In this exploratory data analysis, I will be conducting 3 different analyses:
Below are the perquisite libraries that need to be imported to conduct my exploratory data analysis:
tidyverse - Tidy the data
dplyr - Manipulate the data
ggrepel - Label the data
lubridate - Conduct data manipulation
completejourney - Where the data is coming from
DT - Used to display the data on the screen in a scroll able format
library(tidyverse)
library(dplyr)
library(ggrepel)
library(lubridate)
library(completejourney)
library(DT)
This section contains all the procedures followed in getting the data ready for analysis.

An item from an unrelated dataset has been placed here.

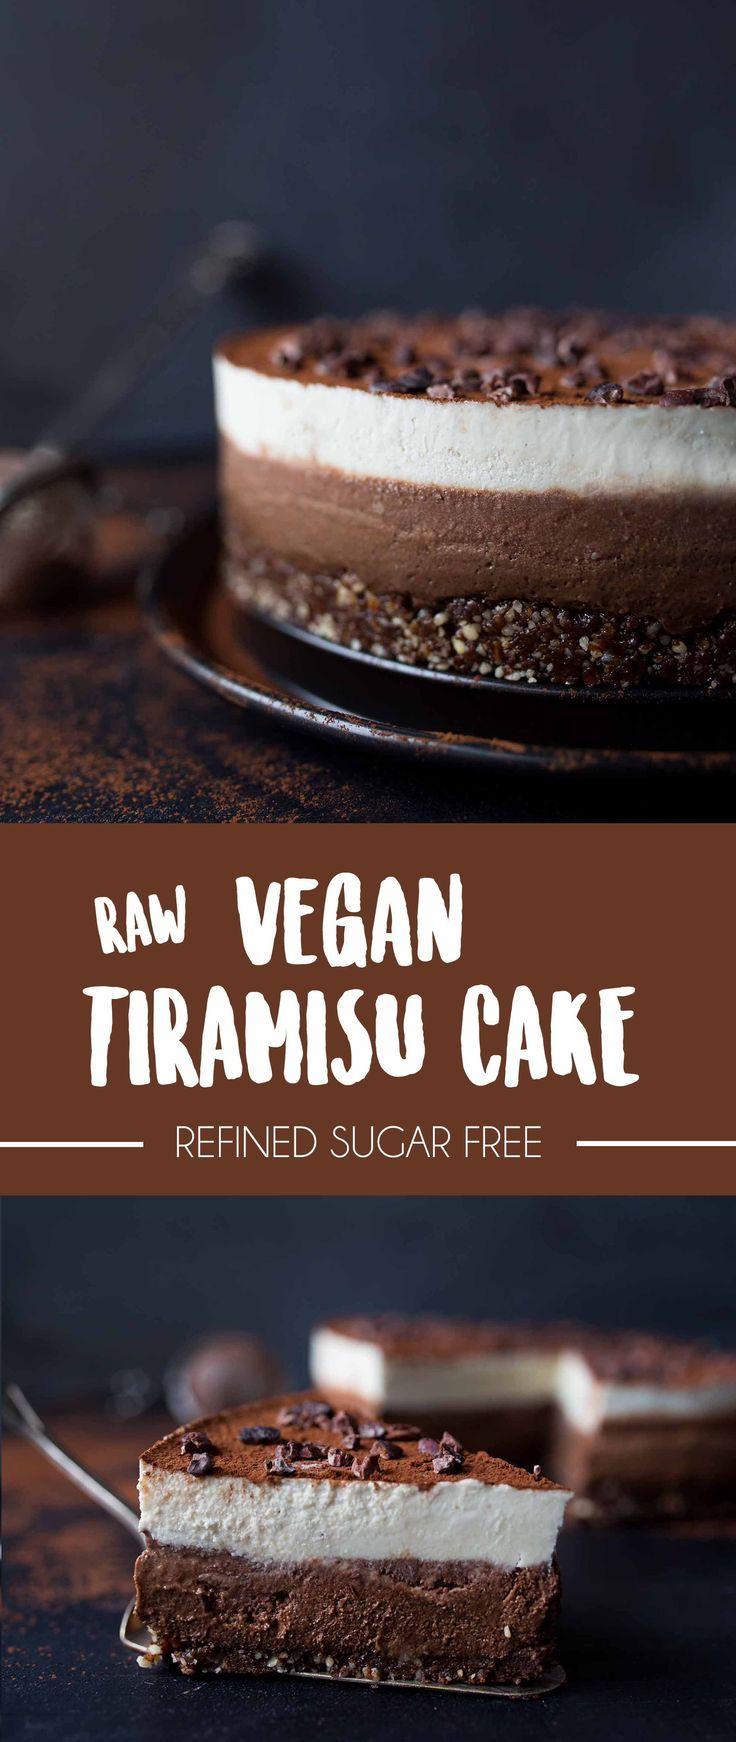 Raw Vegan Tiramisu Cake | No refined sugar | Italian friends approved!
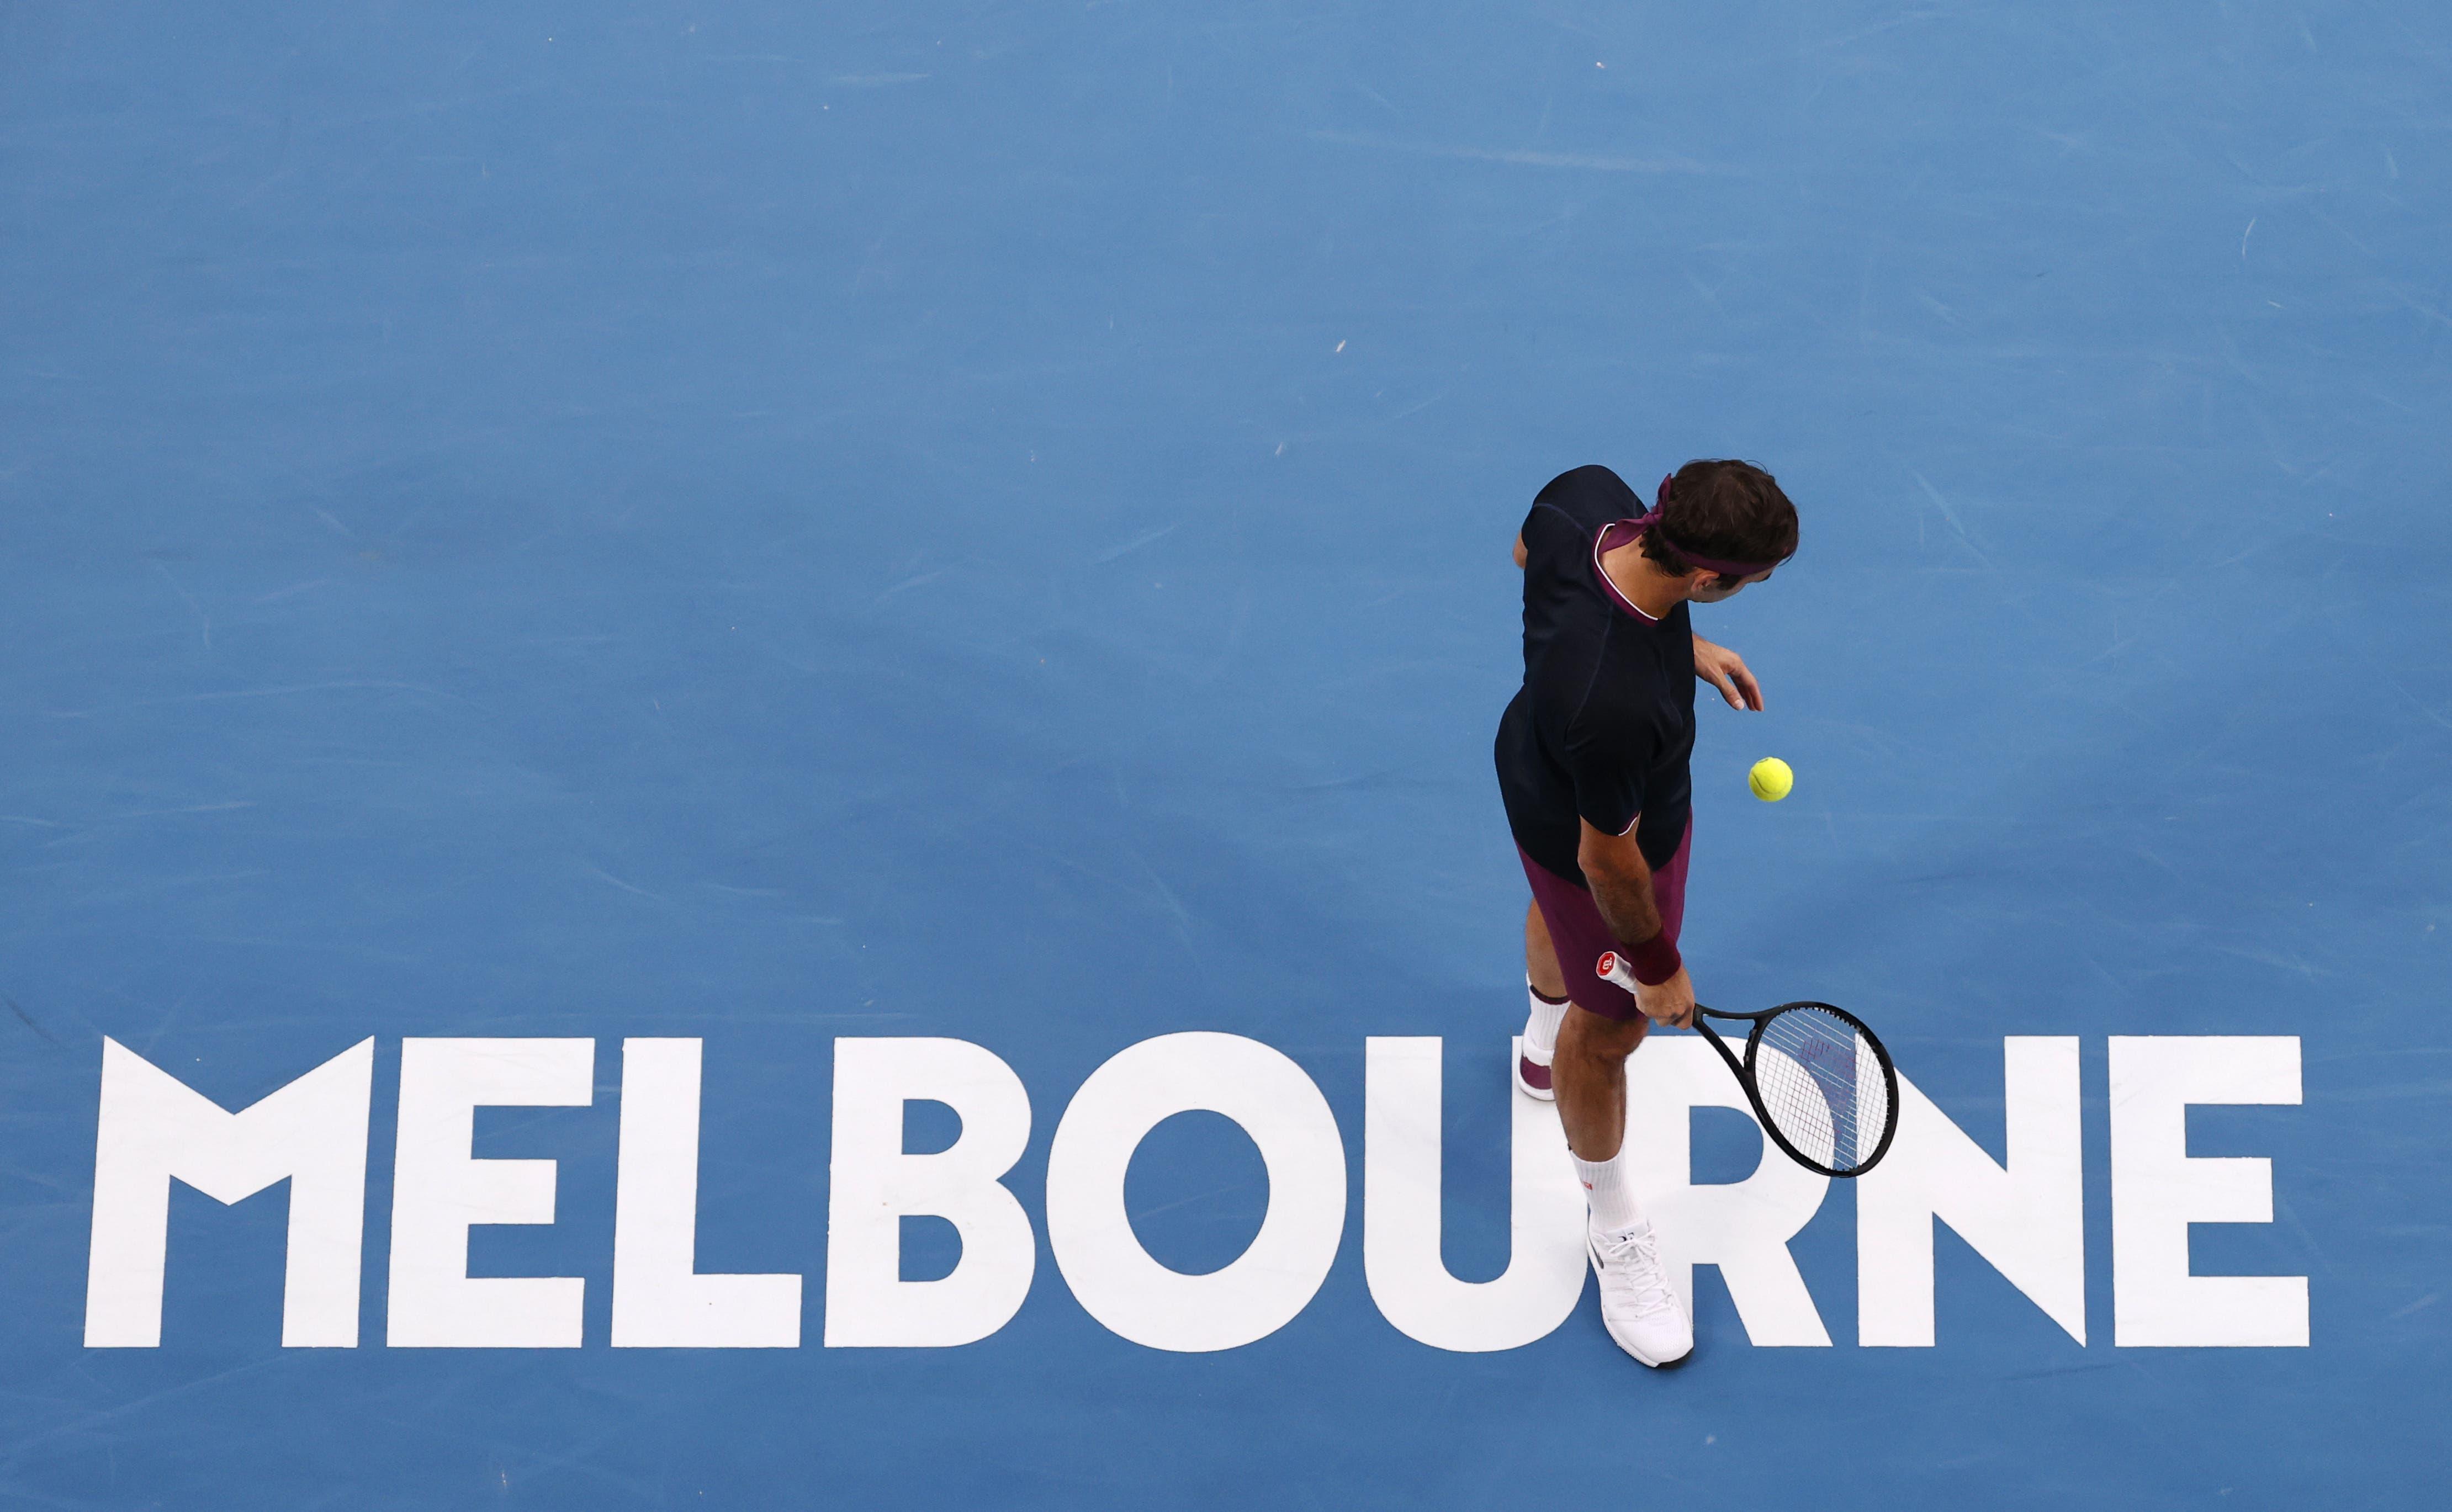 Roger Federer im Halbfinal des Australian Open in Melbourne gegen Novak Djokovic an.

Complete Journey Data Set in R
Data Import Code:
library(completejourney)
transactions <- get_transactions()
In order to conduct this analysis, we must join together the following data sets:
Along with that, dropping variables that won’t be of use initially will make the data a bit more clean.
df <- campaigns %>%
inner_join(demographics, by = 'household_id') %>%
inner_join(transactions, by = 'household_id') %>%
inner_join(products, by = 'product_id') %>%
inner_join(campaign_descriptions, by = 'campaign_id') %>%
filter(
as.Date(transaction_timestamp, format = "%Y-%m-%d") > start_date,
as.Date(transaction_timestamp, format = "%Y-%m-%d") < end_date
)
class(df)
## [1] "spec_tbl_df" "tbl_df" "tbl" "data.frame"
colnames(df)
## [1] "campaign_id" "household_id" "age"
## [4] "income" "home_ownership" "marital_status"
## [7] "household_size" "household_comp" "kids_count"
## [10] "store_id" "basket_id" "product_id"
## [13] "quantity" "sales_value" "retail_disc"
## [16] "coupon_disc" "coupon_match_disc" "week"
## [19] "transaction_timestamp" "manufacturer_id" "department"
## [22] "brand" "product_category" "product_type"
## [25] "package_size" "campaign_type" "start_date"
## [28] "end_date"
Along with that, dropping variables that won’t be of use initially will make the data a bit more clean:
df <- df %>%
select(-c(manufacturer_id, package_size, retail_disc))
datatable(head(df,50))
class_meta <- sapply(df, class)
null_meta <- sapply(df, function(df) sum(is.na(df)))
var_name <- colnames(df)
df_meta <- cbind(var_name, class_meta, null_meta)
rownames(df_meta) <- NULL
colnames(df_meta) <- c('Variable Name', 'Class', 'NULL Vals')
datatable(df_meta)
This section dives into the analysis that solves the questions in the Synopsis.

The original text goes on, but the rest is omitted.